Highlights from the NeurIPS applied research conference
Capital One's AI research team recaps NeurIPS conference, including neural networks and explainable AI.
In 2024, AI continues to dominate the global innovation conversation, including the future of what is possible when the technology is responsibly and thoughtfully applied across industry and society. Financial services is among the high-impact sectors that is poised to benefit most from advances in AI applications. Capital One recognizes that solving the toughest challenges within AI and finance requires an open exchange of ideas amongst industry, academia and research organizations.
Each year, Capital One proudly supports NeurIPs, the world’s foremost AI research conference that combines workshops, symposia, poster presentations and tutorials fostering the development and exchange of the newest advances in AI. Capital One is also an active participant and contributor to NeurIPS and its community; our Applied Research team and our academic partners publish research and convene their peers to meaningfully advance the state of the art in AI in finance.

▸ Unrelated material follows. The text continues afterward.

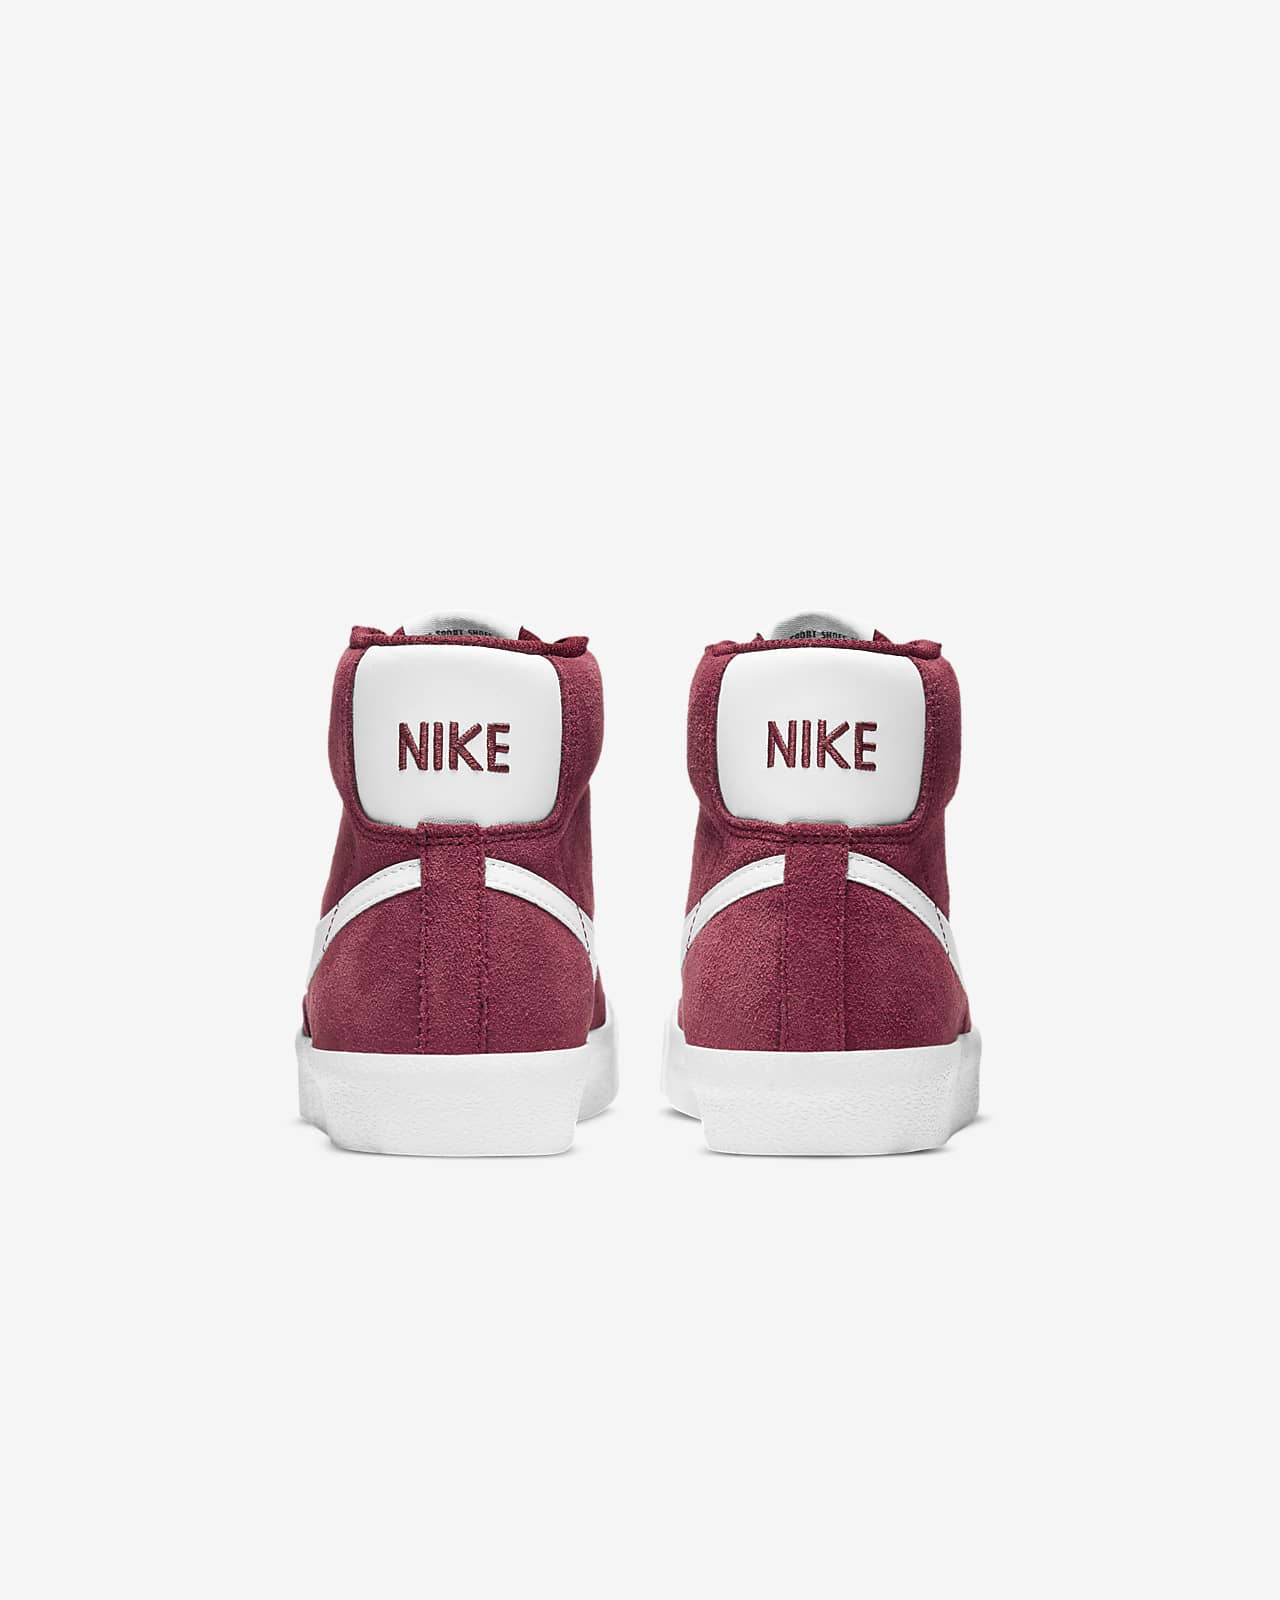 nike blazer mid 77 suede review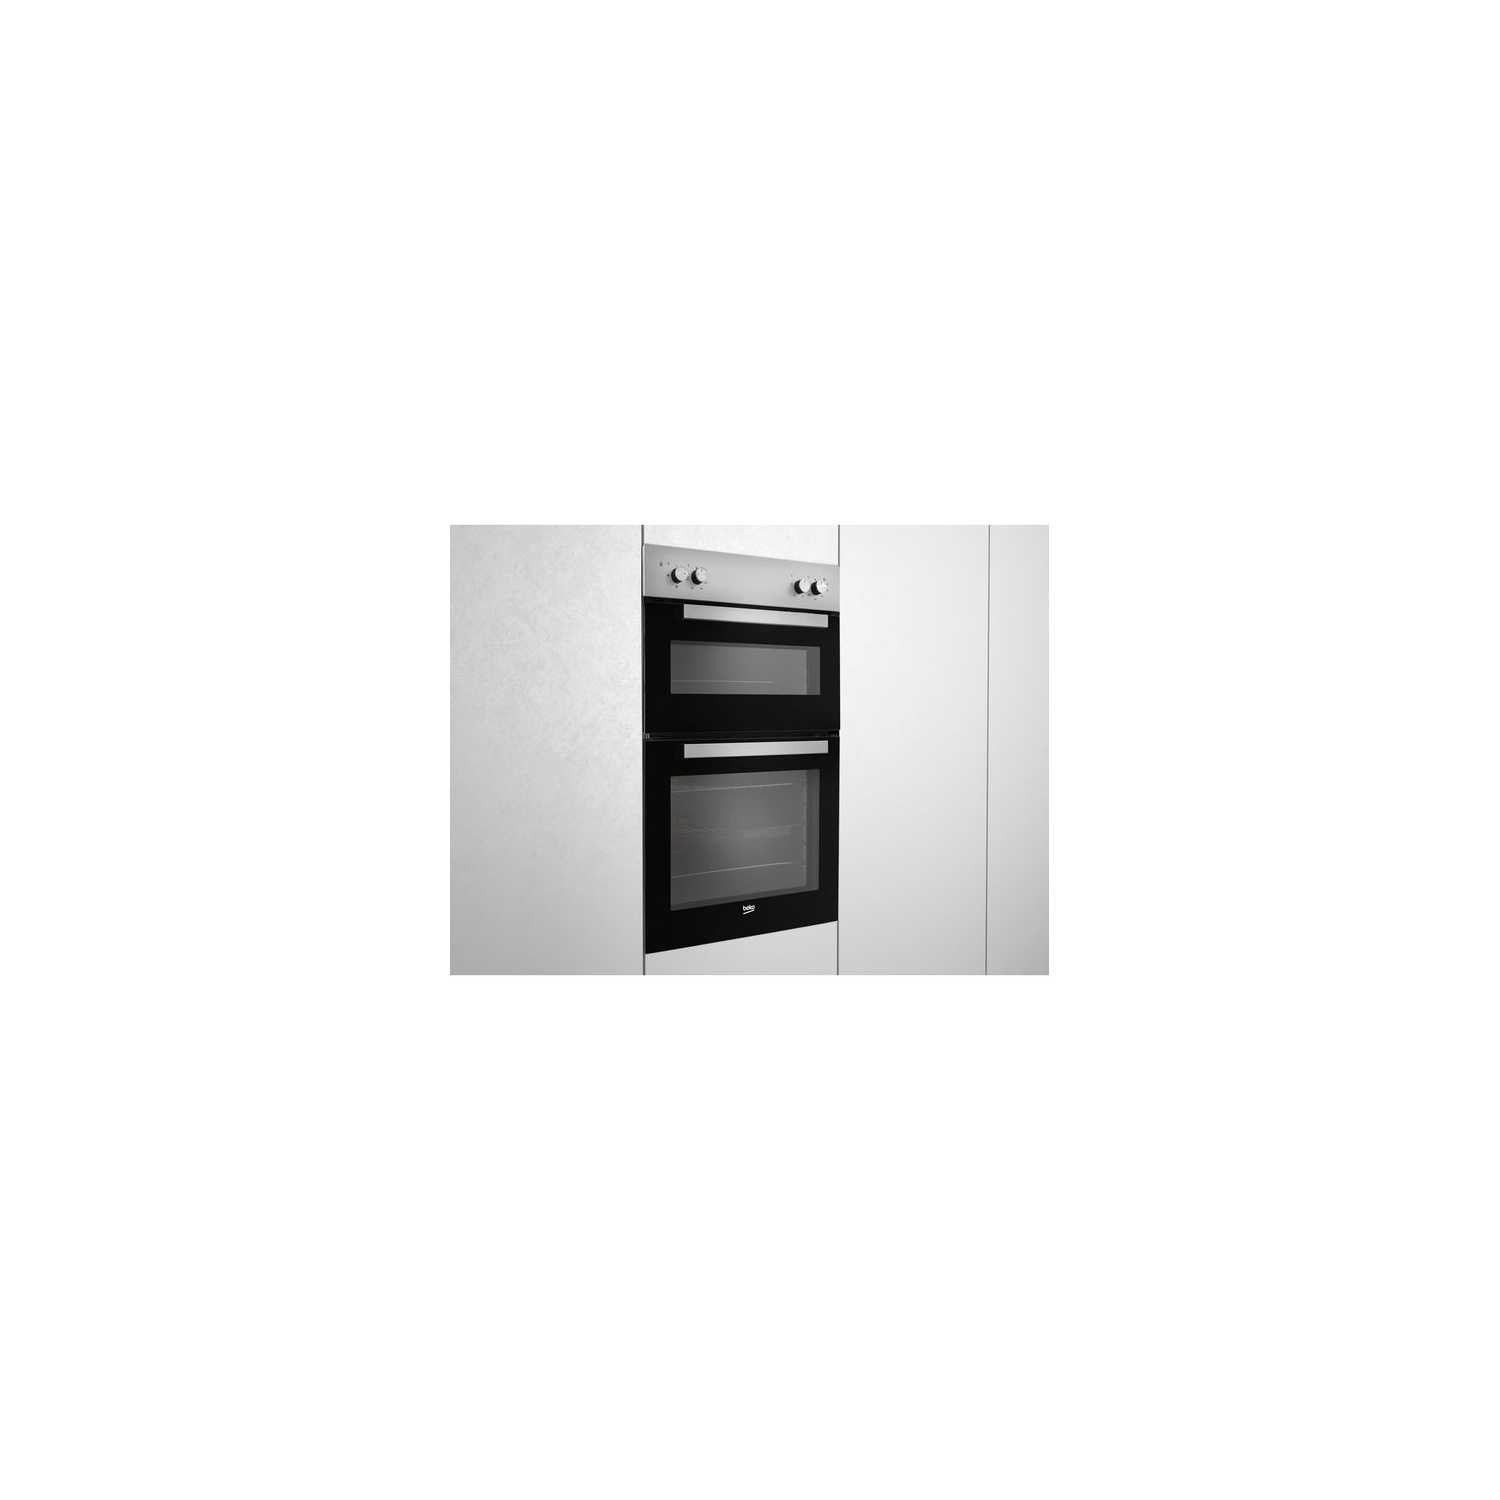 Beko Electric Double Oven - Silver - A Rated - 1

Here’s a recap of the highlights from Capital One’s NeurIPS 2023 engagement and perspectives.
Capital One NeurIPS research publication highlights
In 2023, our Applied Research team had several works accepted at NeurIPS. Here’s a summary of each:
Real-world dataset and class-imbalances
The challenges arising from highly class-imbalanced datasets are pervasive in the real world. To date, most of the deep learning research in this field focuses on crafting specialized objectives and sampling strategies. In this work, we instead tune common hyper-parameters to obtain state-of-the-art performance on highly imbalanced classification problems. Additionally, we characterize common failure modes and share guidance for mitigating the adverse effects of class imbalance on deep learning tasks.
A performance-driven benchmark for feature selection in tabular deep learning
The majority of academic tabular benchmarks are inadequate representations of real-world feature size and complexity, which often require engineering and/or selecting features to lift performance on downstream modeling tasks. This paper presents a new tabular benchmark specifically created to evaluate the effectiveness of feature selection for tabular deep learning. We utilize both real datasets and synthesize extraneous features to build the benchmark. We also develop a LASSO inspired gradient-based feature selection method and demonstrate its effectiveness on datasets that contain random, corrupted and second-order features.
The disagreement problem in faithfulness metrics
A core goal in explainable artificial intelligence (XAI) is to develop model agnostic methods for post-hoc feature attribution. In recent years, there has been a growing number of such methods, but the field lacks a principled framework for selecting the most faithful method for a given use case. In this work, we shed light on the disagreement problem across XAI methods by measuring the faithfulness of local explanations for tabular data classifiers.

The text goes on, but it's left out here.